C’est la fameuse question de l’organicité de la nouvelle. Si vous cherchez à faire ressentir une tension unique et dense, faites évoluer vos personnages avec un décor qui, à chaque étape, les confronte à leurs conflits internes. Tout doit concourir à l’unité de la narration.

Astuce : Identifiez la valeur contradictoire au cœur de votre nouvelle (p. ex. tradition/innovation, liberté/aliénation). Mettez en scène des personnages emblématiques de chacune de ces forces, et un décor (ville, vaisseau, jungle, etc.) qui pose visuellement la contradiction. L’intrigue découlera alors de cette collision.

5. La technique comme outil, pas comme finalité

De nombreux auteurs novices se laissent submerger par la technique — règles, structures, formats. Or, l’essentiel demeure la capacité à transmettre l’émotion et l’idée directrice de la nouvelle. Comme l’explique Dunyach, la technique est là pour servir la spontanéité et l’enthousiasme créatif, non pour les étouffer.

« Je lis comme un malade, je démonte tout pour voir comment c’est fait […] Au début, on voit les grosses cordes, puis on finit par voir les ficelles. »

Démanteler un texte, analyser sa mécanique, s’approprier les techniques : tout cela vise à décupler l’aisance et la liberté narrative. Au final, la nouvelle, plus que tout autre forme, exige un marquage fort du style et de la sensibilité de l’auteur, dans un espace restreint. Le risque d’impersonnalité est grand si on se borne à appliquer une grille. Au contraire, la technique se veut libératrice.

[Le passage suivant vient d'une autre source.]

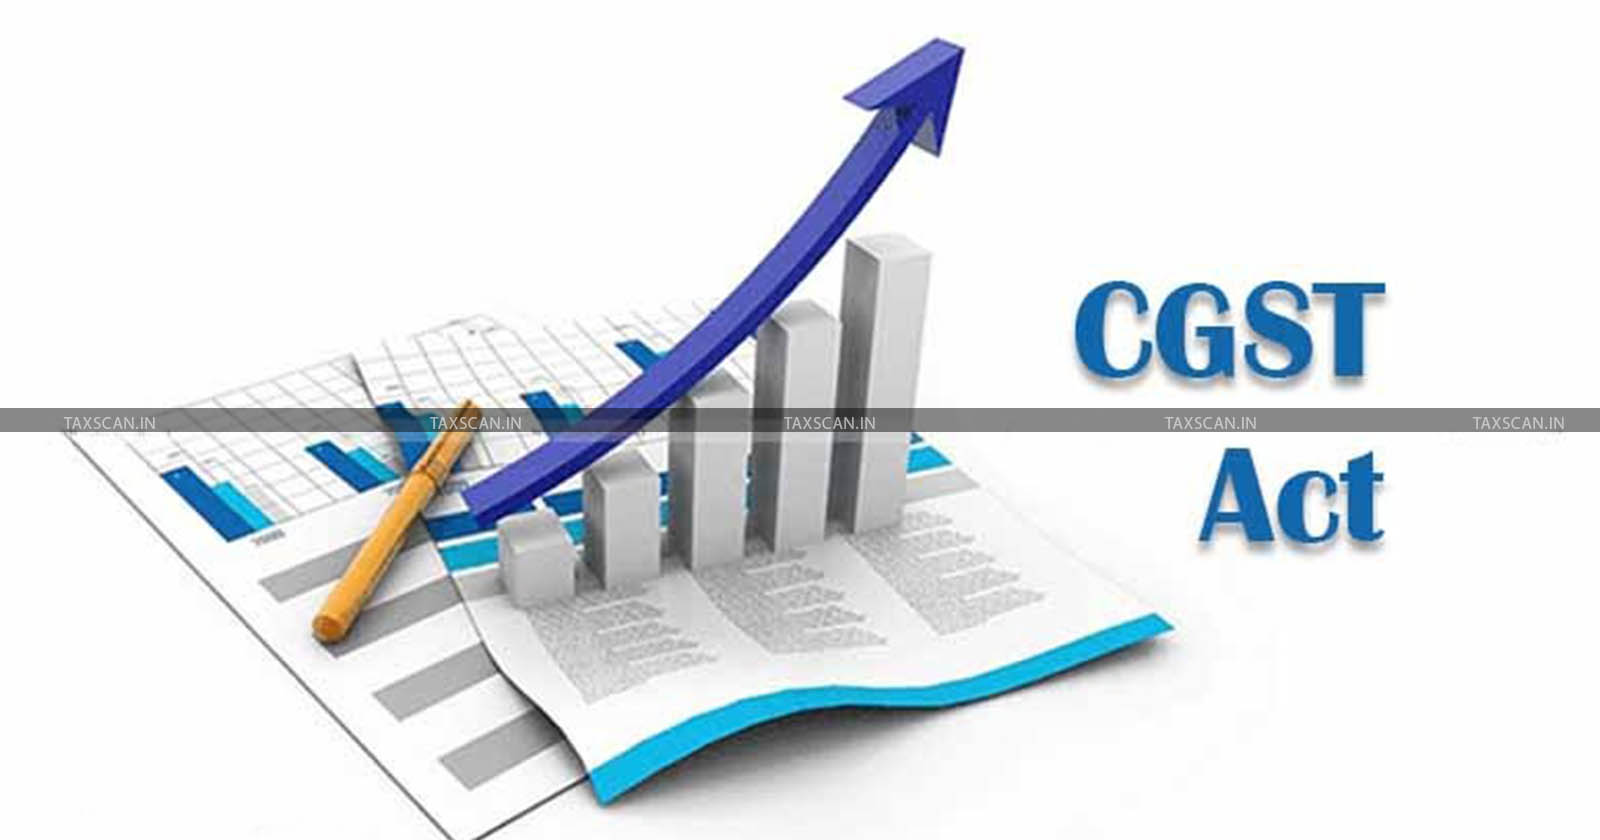 Delhi High Court - Central Goods and Service Tax - CGST Act - TAXSCAN

Astuce : Prenez un récit bref classique (ex. : Maupassant, Tchekhov) et recopiez (oui, littéralement) les trois à cinq premières pages. Notez, paragraphe par paragraphe, le rôle de chaque phrase (introduire un personnage, créer un effet, amorcer un conflit). Réfléchissez ensuite à votre propre nouvelle : quels ajustements pour obtenir un impact similaire sur votre lecteur ?

Conclusion

Écrire une nouvelle, selon Jean-Claude Dunyach, relève d’un équilibre délicat : une densité de situation et d’émotion, associée à une construction simultanée de l’univers et des personnages, et soutenue par une technique souple mais rigoureuse. Il s’agit d’assembler un « micro-monde » en quelques pages, où tout fait sens et où la tension naît aussitôt. À l’image de la science-fiction, qui doit parfois installer un monde entier en quelques paragraphes, la nouvelle doit, elle aussi, marier l’ellipse et la brièveté tout en préservant l’impact. Loin d’être un simple « mini-roman », la nouvelle possède ses lois internes, à la fois artisanales et subtiles. Et, comme l’affirme Dunyach, seule une passion profonde pour la lecture, la découverte et la « démontologie littéraire » permet au nouvelliste de proposer un texte mémorable et vibrant.